The current strategy in the field of cancer treatment employs tandem lines of therapies directed either to kill tumour cells directly or to encourage the body’s immune response to kill them. Animesh Kar, Dolly Jain, Avinash Bajaj, and Ujjaini Dasgupta, working on the hydrogel-mediated delivery of anticancer drugs, have achieved both goals with their latest innovation.
The novelty of this drug is the claim of a reduction in the widespread toxicity observed with most chemotherapies. The authors propose that DTX-CPT-Gel be administered close to the tumour. In contrast, the usual delivery of chemotherapeutic drugs involves injection into the veins (intravenous), circulating them through the body. An injection site closer to the tumour will avoid unintended effects on faraway tissues. The authors claim that the process of this drug will be no more invasive than intravenous injections. Dolly Jain says,
The hydrogel can be administered directly near the tumour site through direct injection or localised application, making it minimally invasive.
The authors found the drug release from the hydrogel to be continuous and sustained. This controlled release is necessary as per Dasgupta, “DTX-CPT-Gel may be beneficial for cancers that are less responsive to immunotherapy or when a combination therapy approach is needed.” The two drugs, DTX and CPT, are known to be deadly to cells (cytotoxic), and a ratio of 2:1 of DTX: CPT packaged in hydrogels exhibited the most potent cytotoxic capability.
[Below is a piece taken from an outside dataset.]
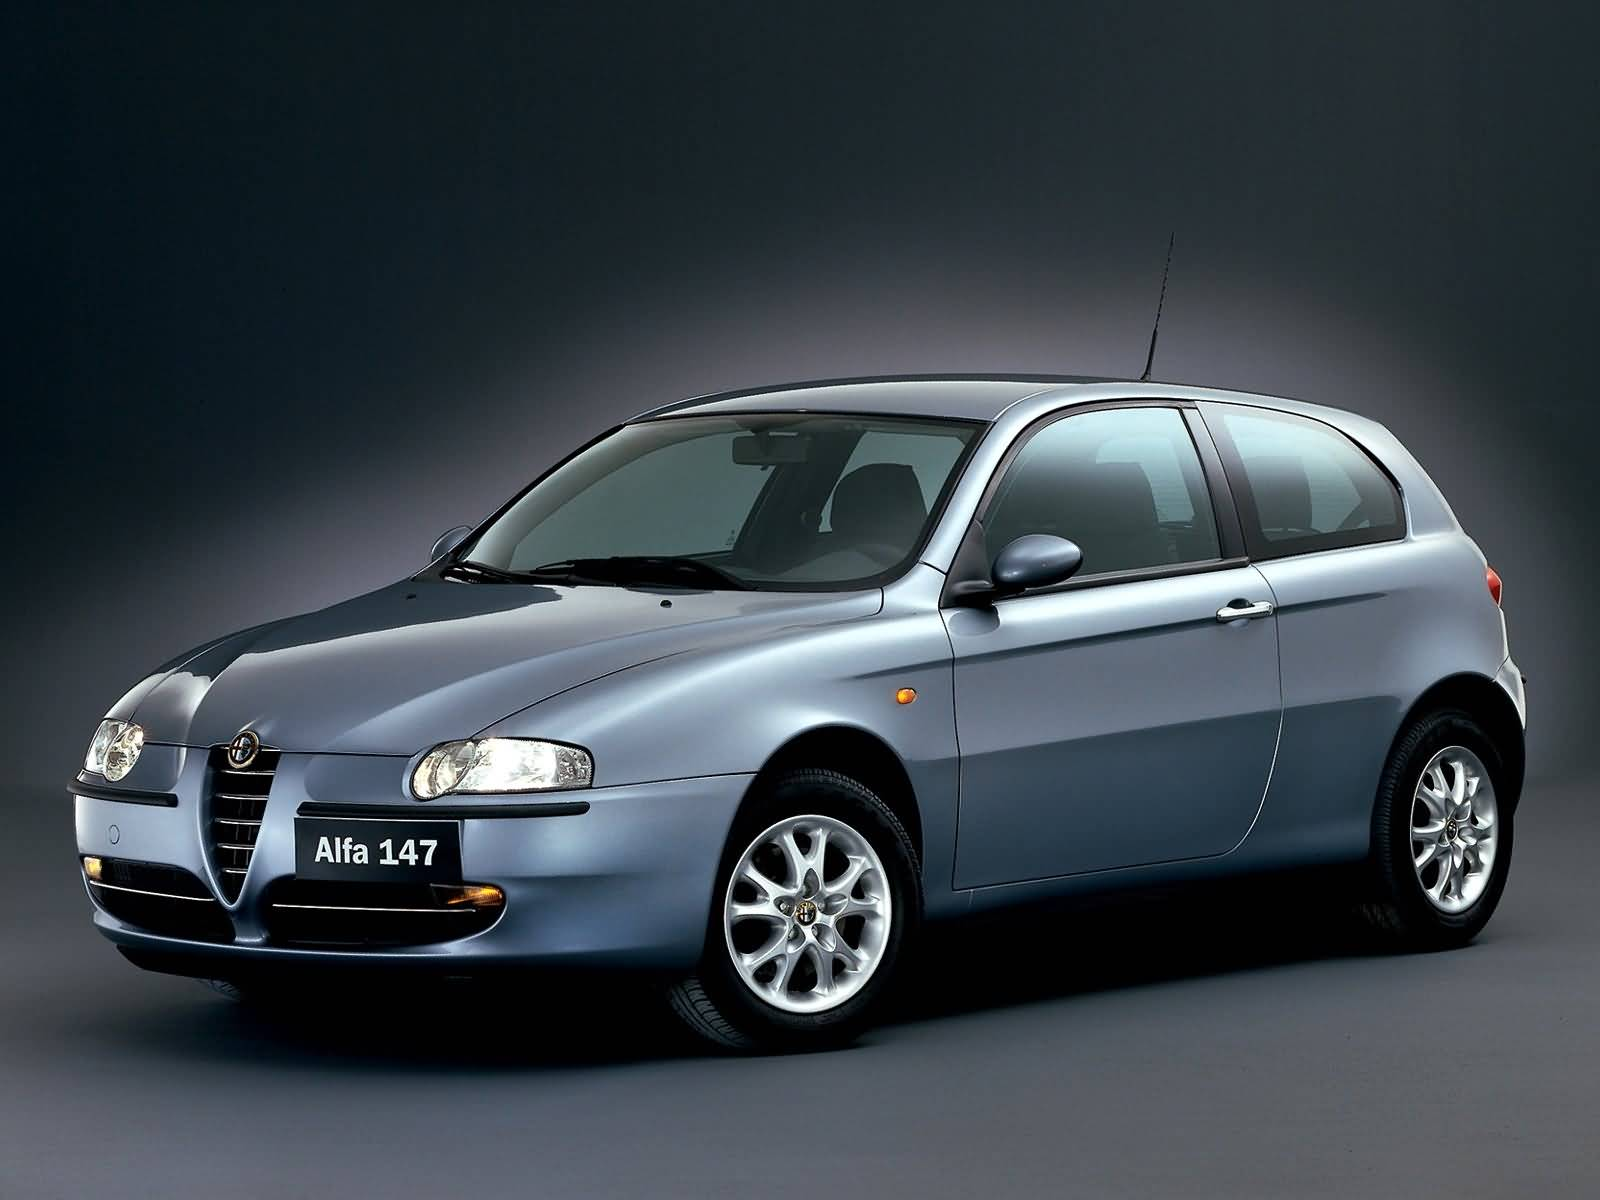 Very fast silver Alfa Romeo 147 Car

The uniqueness of these dying cells is the release of certain biomolecules known as damage-associated molecular patterns (DAMPs). The release of DAMPs by dying tumour cells activates dendritic cells, which usually patrol most tissues. Dendritic cells usually cannot recognise cancer cells as foreign, and do not attack them. However, the DAMP molecules are identified by dendritic cells, which readies them for an attack on cancer cells.
Activated dendritic cells also feed into the memory arm of the immune response. These DAMP-activated dendritic cells help specific immune cells (T cells) to further attack cancer cells and retain memory of their structure for surveillance. The authors thus present a reinforcing loop of these two kinds of cell death, where the antitumour drug-mediated cell death leads to the secretion of unique “eat-me” molecules (DAMPs) that instigate immune T cells to identify the same signals in nearby tumour cells and kill them.
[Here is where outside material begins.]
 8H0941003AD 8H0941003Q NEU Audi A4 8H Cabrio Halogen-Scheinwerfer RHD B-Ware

The drug primes CD8+ T cells efficiently, as they also help eliminate tumours arising in distant organs. The authors ensured that this T cell-mediated elimination of distant tumours is specific to the tumour type. The memory of these T cells provides systemic protection to the mice, as the same tumour cells arising in distant organs are effectively destroyed. This T cell-mediated surveillance is precise since the authors found that T cells do not attack cancer cells of any other type.
The elicited immune response is thus highly discrete — not only does it distinguish cancer cells from normal, but it also identifies the type of cancer cells. This identification is due to specific proteins, along with the generic DAMPs secreted by the dying primary tumour cells. These tumour-specific antigens (neoantigens) are not yet discovered by the team. Bajaj says, “We have not pinpointed the precise neoantigens. We intend to elucidate this aspect in our forthcoming research endeavours.”